[Dataset items]
________________________
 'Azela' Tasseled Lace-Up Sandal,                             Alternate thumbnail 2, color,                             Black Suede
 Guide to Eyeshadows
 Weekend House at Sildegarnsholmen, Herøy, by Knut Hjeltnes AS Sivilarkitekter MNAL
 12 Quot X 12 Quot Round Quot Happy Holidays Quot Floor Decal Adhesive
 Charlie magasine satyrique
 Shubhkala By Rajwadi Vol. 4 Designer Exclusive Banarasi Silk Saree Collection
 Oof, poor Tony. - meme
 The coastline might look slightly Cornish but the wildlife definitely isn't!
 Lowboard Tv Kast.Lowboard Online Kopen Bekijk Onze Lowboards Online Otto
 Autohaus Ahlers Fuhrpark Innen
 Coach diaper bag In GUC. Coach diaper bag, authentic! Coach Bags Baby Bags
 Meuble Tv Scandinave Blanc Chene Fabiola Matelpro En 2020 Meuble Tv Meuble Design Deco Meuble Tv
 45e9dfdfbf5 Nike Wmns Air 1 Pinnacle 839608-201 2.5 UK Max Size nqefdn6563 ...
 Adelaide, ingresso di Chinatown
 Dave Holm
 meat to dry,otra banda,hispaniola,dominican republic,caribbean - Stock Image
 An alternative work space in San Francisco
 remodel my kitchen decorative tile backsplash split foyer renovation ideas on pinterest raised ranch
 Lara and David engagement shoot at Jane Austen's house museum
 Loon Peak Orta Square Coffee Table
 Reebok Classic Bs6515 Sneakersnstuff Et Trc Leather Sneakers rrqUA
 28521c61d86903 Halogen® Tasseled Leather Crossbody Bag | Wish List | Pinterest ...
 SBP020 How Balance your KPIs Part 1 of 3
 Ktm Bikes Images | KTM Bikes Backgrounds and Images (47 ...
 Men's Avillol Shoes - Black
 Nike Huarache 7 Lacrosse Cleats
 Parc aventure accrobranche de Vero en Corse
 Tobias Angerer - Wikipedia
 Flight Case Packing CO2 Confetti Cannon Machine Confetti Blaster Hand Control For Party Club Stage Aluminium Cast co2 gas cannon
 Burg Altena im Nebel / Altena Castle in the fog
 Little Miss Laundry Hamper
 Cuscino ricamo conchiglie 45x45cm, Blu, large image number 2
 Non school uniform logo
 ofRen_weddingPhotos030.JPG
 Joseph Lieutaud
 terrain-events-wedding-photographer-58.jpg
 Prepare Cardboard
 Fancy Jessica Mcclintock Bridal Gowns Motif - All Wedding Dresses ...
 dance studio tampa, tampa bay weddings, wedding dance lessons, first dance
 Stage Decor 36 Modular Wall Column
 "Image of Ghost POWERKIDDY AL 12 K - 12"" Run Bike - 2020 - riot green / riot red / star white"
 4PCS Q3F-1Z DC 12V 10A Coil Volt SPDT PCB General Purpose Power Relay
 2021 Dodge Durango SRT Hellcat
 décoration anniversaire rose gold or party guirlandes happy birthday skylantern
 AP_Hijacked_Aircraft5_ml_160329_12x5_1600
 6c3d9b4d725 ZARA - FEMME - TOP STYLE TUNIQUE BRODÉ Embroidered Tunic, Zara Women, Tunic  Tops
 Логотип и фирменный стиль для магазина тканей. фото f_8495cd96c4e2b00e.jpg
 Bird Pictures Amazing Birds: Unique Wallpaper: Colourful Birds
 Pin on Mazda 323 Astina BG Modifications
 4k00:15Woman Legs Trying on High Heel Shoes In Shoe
________________________
* **YOUR GOAL**
Set down, from the entries above, exactly the lines from the one with "4PCS Q3F-1Z DC" up to and including the one with "6c3d9b4d725 ZARA - FEMME", and no other lines.

* **RESPONSE BOX**
 4PCS Q3F-1Z DC 12V 10A Coil Volt SPDT PCB General Purpose Power Relay
 2021 Dodge Durango SRT Hellcat
 décoration anniversaire rose gold or party guirlandes happy birthday skylantern
 AP_Hijacked_Aircraft5_ml_160329_12x5_1600
 6c3d9b4d725 ZARA - FEMME - TOP STYLE TUNIQUE BRODÉ Embroidered Tunic, Zara Women, Tunic  Tops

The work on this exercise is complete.